Recorded information:
++++++++

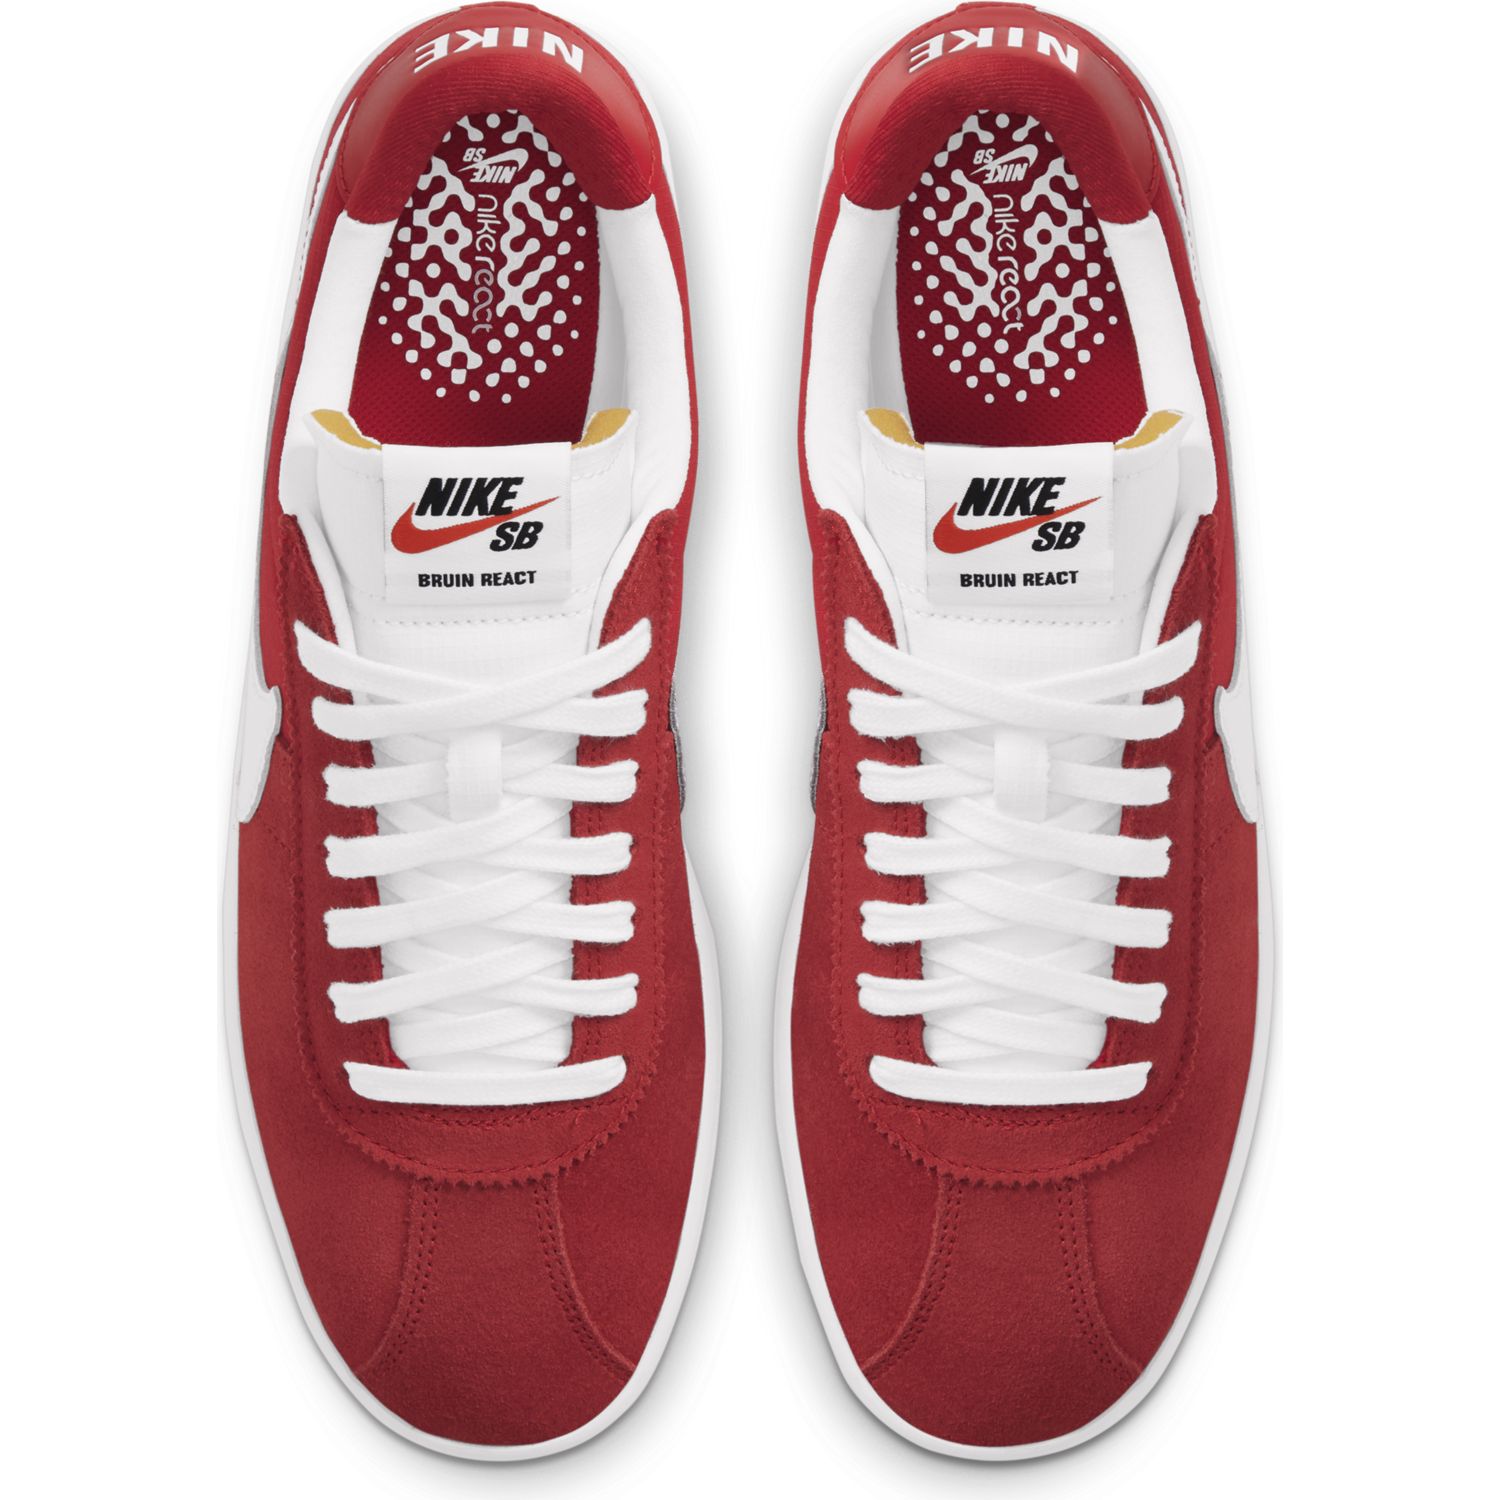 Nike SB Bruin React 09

++++++++

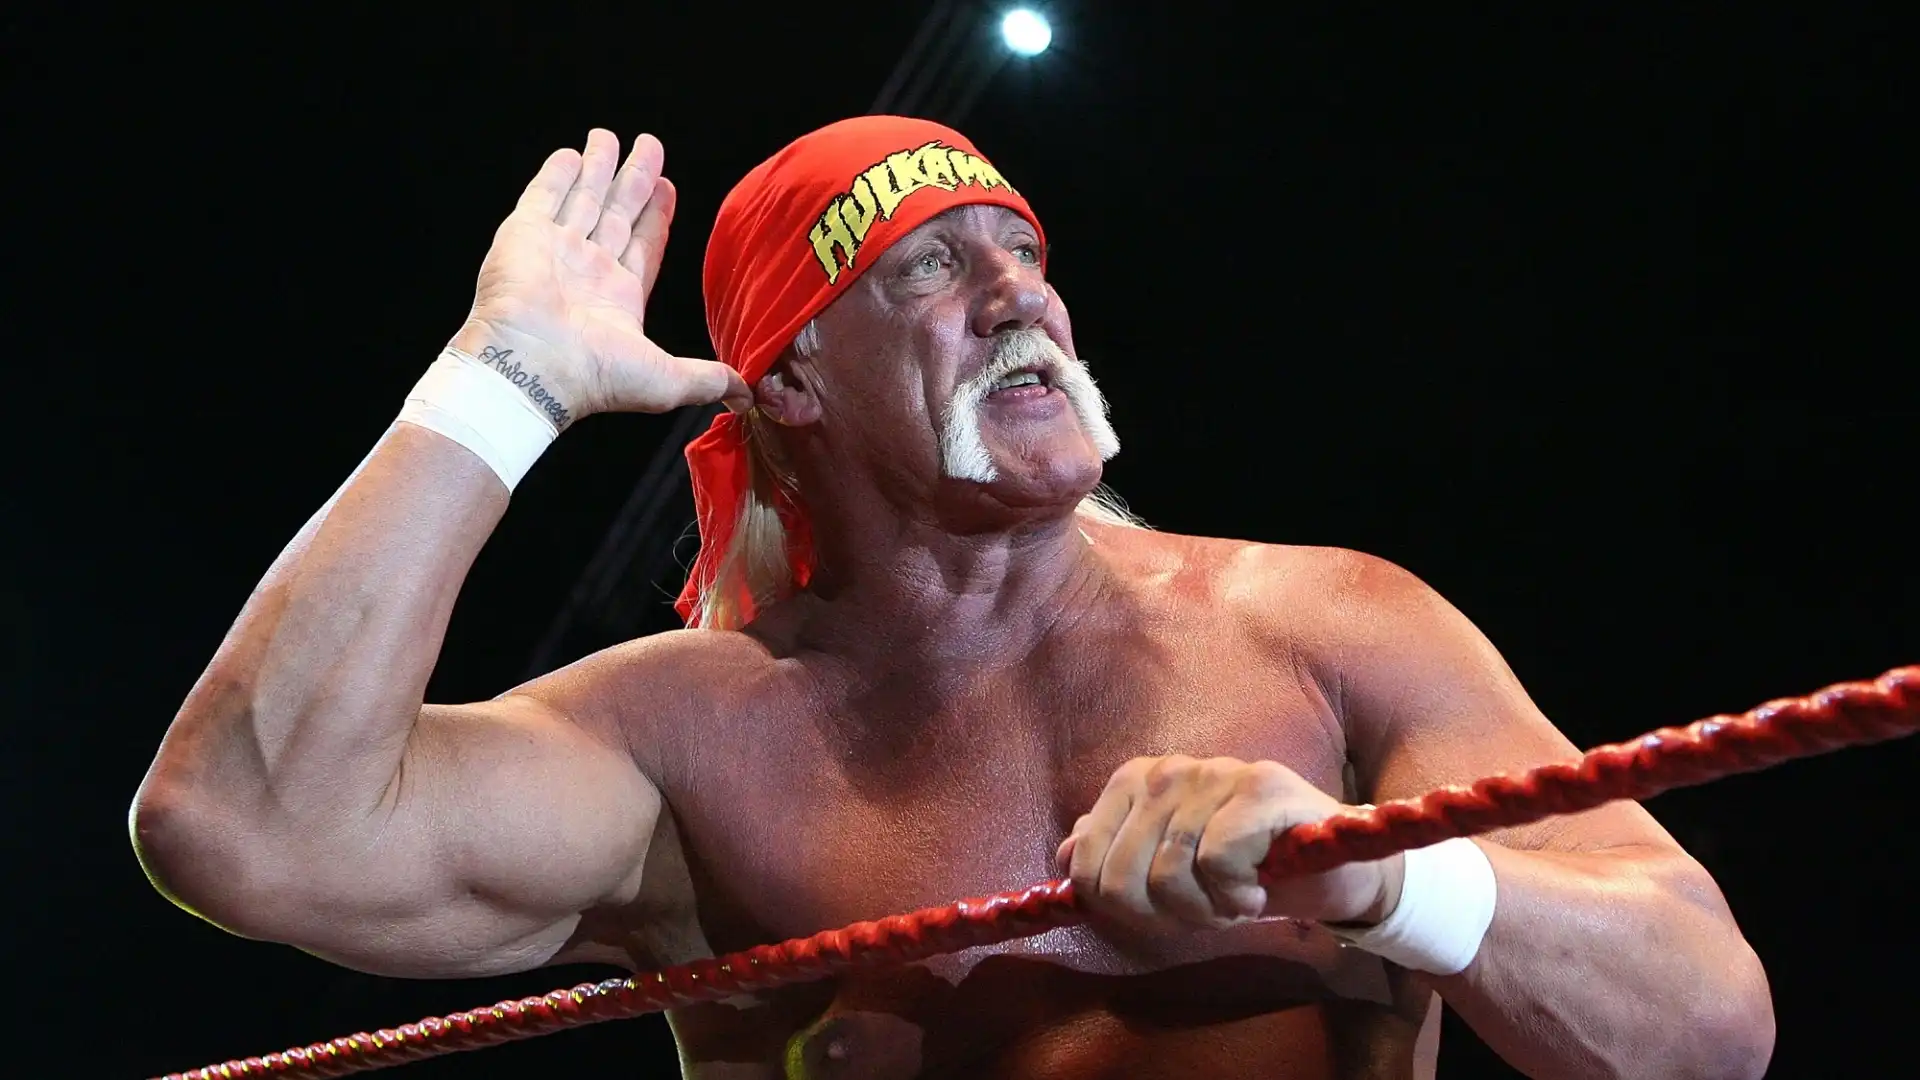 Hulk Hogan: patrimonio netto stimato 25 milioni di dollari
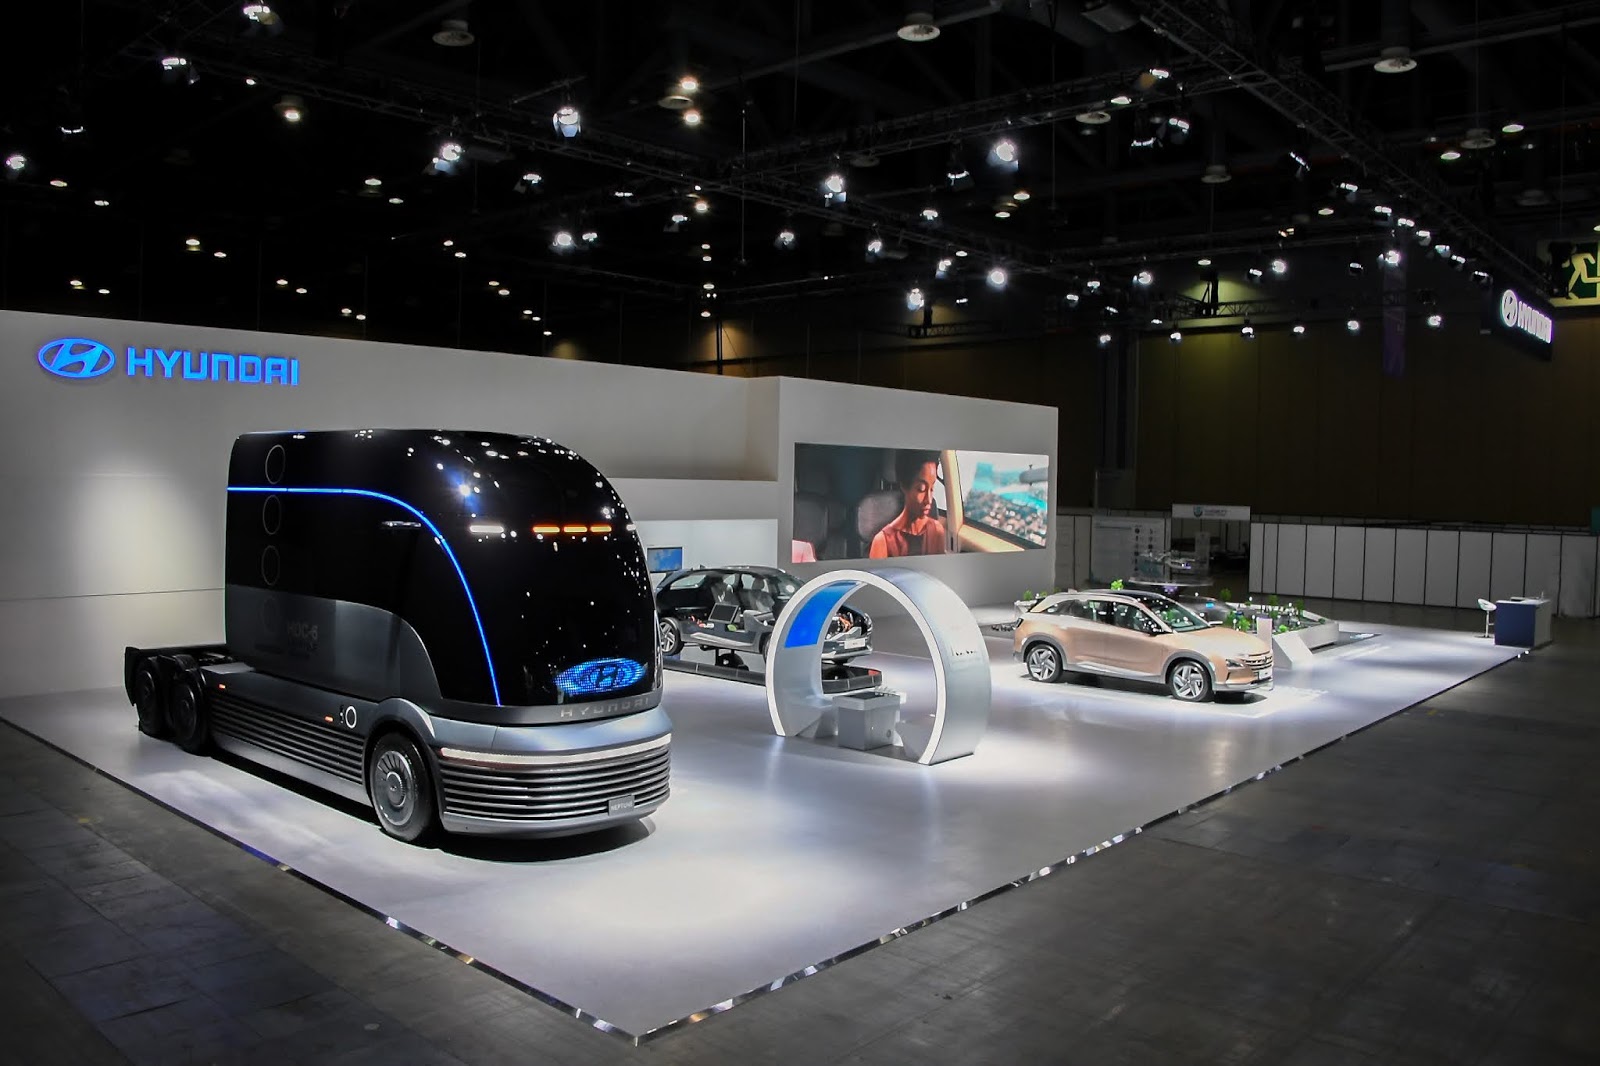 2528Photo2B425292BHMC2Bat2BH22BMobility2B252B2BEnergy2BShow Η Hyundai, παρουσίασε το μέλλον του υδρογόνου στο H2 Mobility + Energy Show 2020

++++++++

Work instructions: Give again, exactly as written above, each line from the one that has "Hulk Hogan: patrimonio" to the one that has "Energy Show 2020", both included; omit the pictures.

Answer to this exercise:
 Hulk Hogan: patrimonio netto stimato 25 milioni di dollari
 2528Photo2B425292BHMC2Bat2BH22BMobility2B252B2BEnergy2BShow Η Hyundai, παρουσίασε το μέλλον του υδρογόνου στο H2 Mobility + Energy Show 2020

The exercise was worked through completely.